In the morning Pharoah talked about the bizaare genesis of Life on Mars, the rare pleasure of actually ending a series ( Spin-off Ashes to Ashes finishes on the 21st) rather than handing it over to someone else, as Russell T Davies did with Doctor Who, or just having it axed by the network.  He also talked about his agent, and the fact that scripwriters cost their agencies an average of £10,000 per client. I’m sure that that’s less for literary agencies, and perhaps comes down the more clients an agency has, although conversely, the less they can do for an individual client, but it’s an interesting insight into the pressures on an agent.
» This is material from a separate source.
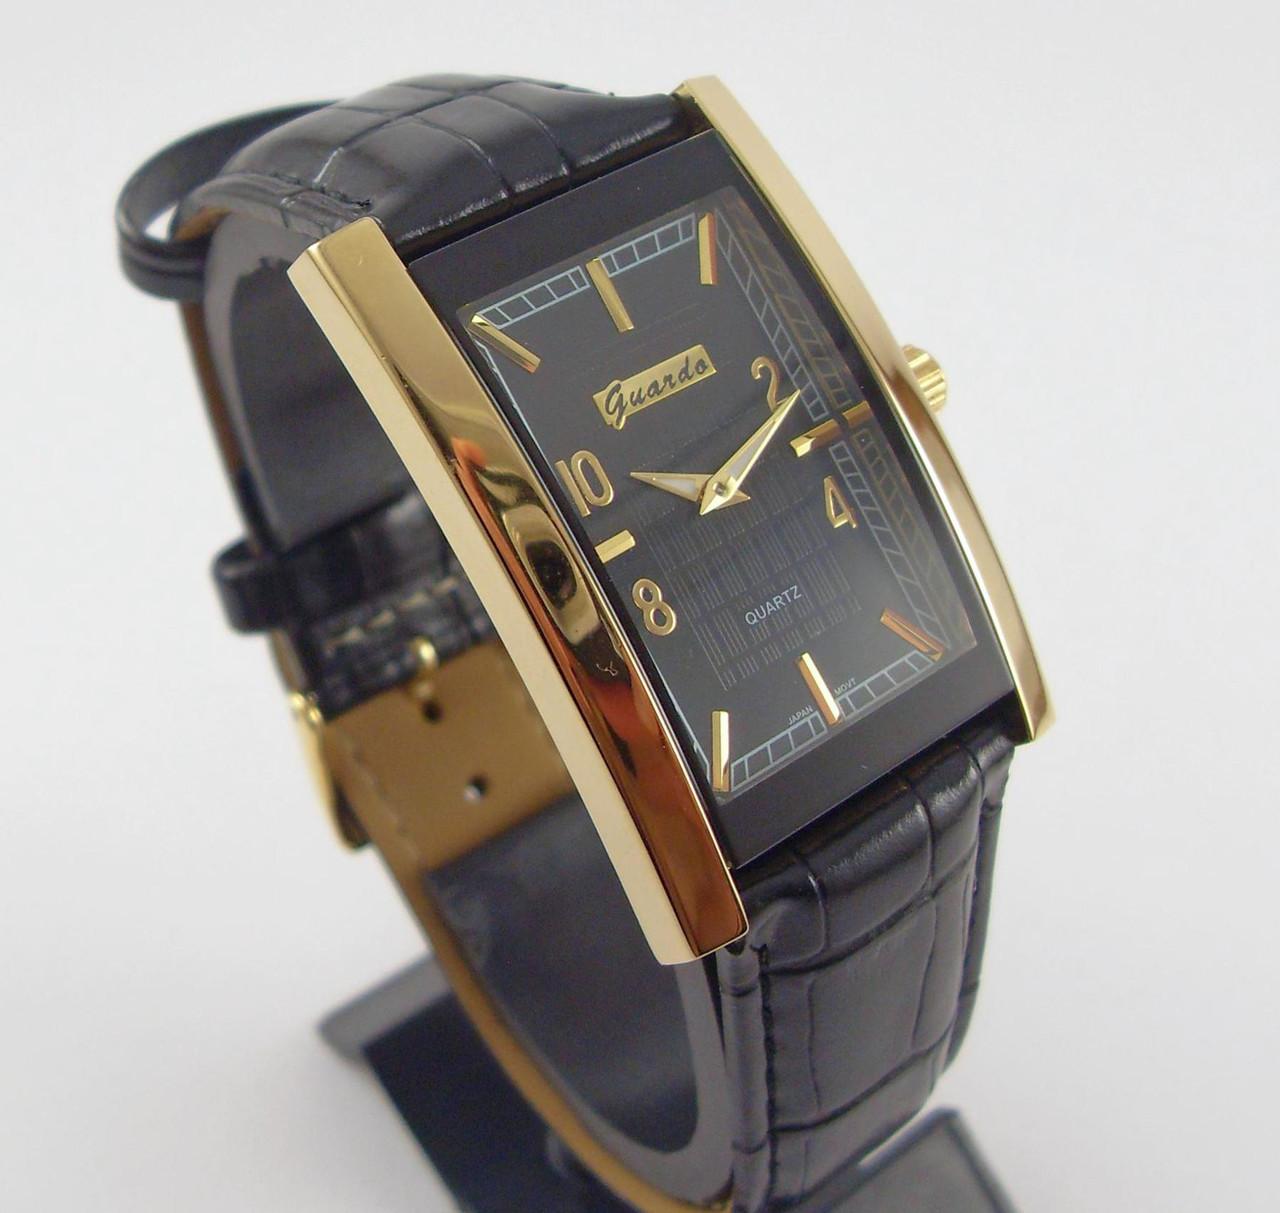 Часы прямоугольные купить часы v6 super speed купить

That’s something that most writers rarely think about.

Co-hosting the 5pm lecture with Gareth was a very, very different experience.  

In actual terms there were only about 30 people there (Gareth estimated 20 to 30, I thought 30 to 40, so let’s go with the middle figure) but the shape of the auditorium, which rises away from one makes even that low number pretty formidable. I suspect that not all of the audience were SF fans, since attendance is theoretically mandatory — though it was the end of the academic year – so I wanted to give them a flavour of proper SF. Gareth went for a lighter approach, and read a short story which went down well, while I read an extract from Winter Song which is perhaps -with hindsight- a little tech heavy, although perfect for a con. There’s a moral there; think about the nature of your audience. But it showed them just how diverse SF is. 

Gareth gave them some very tips on writing, which you can read about here, while I talked a little about a typical day, and both of us fielded the ‘where did that story come from?’ which is still a good question to ask.

The whole experience  was pretty draining, and offered an insight how it feels to be a lecturer. Some of the questions were tough ones to answer on the hoof, and there were several occasions when I wished afterwards that I’d just had a few more seconds to think before answering — but I felt that I had to keep one eye on the time.

It would be profoundly interesting to go back in a year’s time and repeat the experience, to see whether the experience feels any less overwhelming, and whether any of the students have gotten into SF and/or fantasy.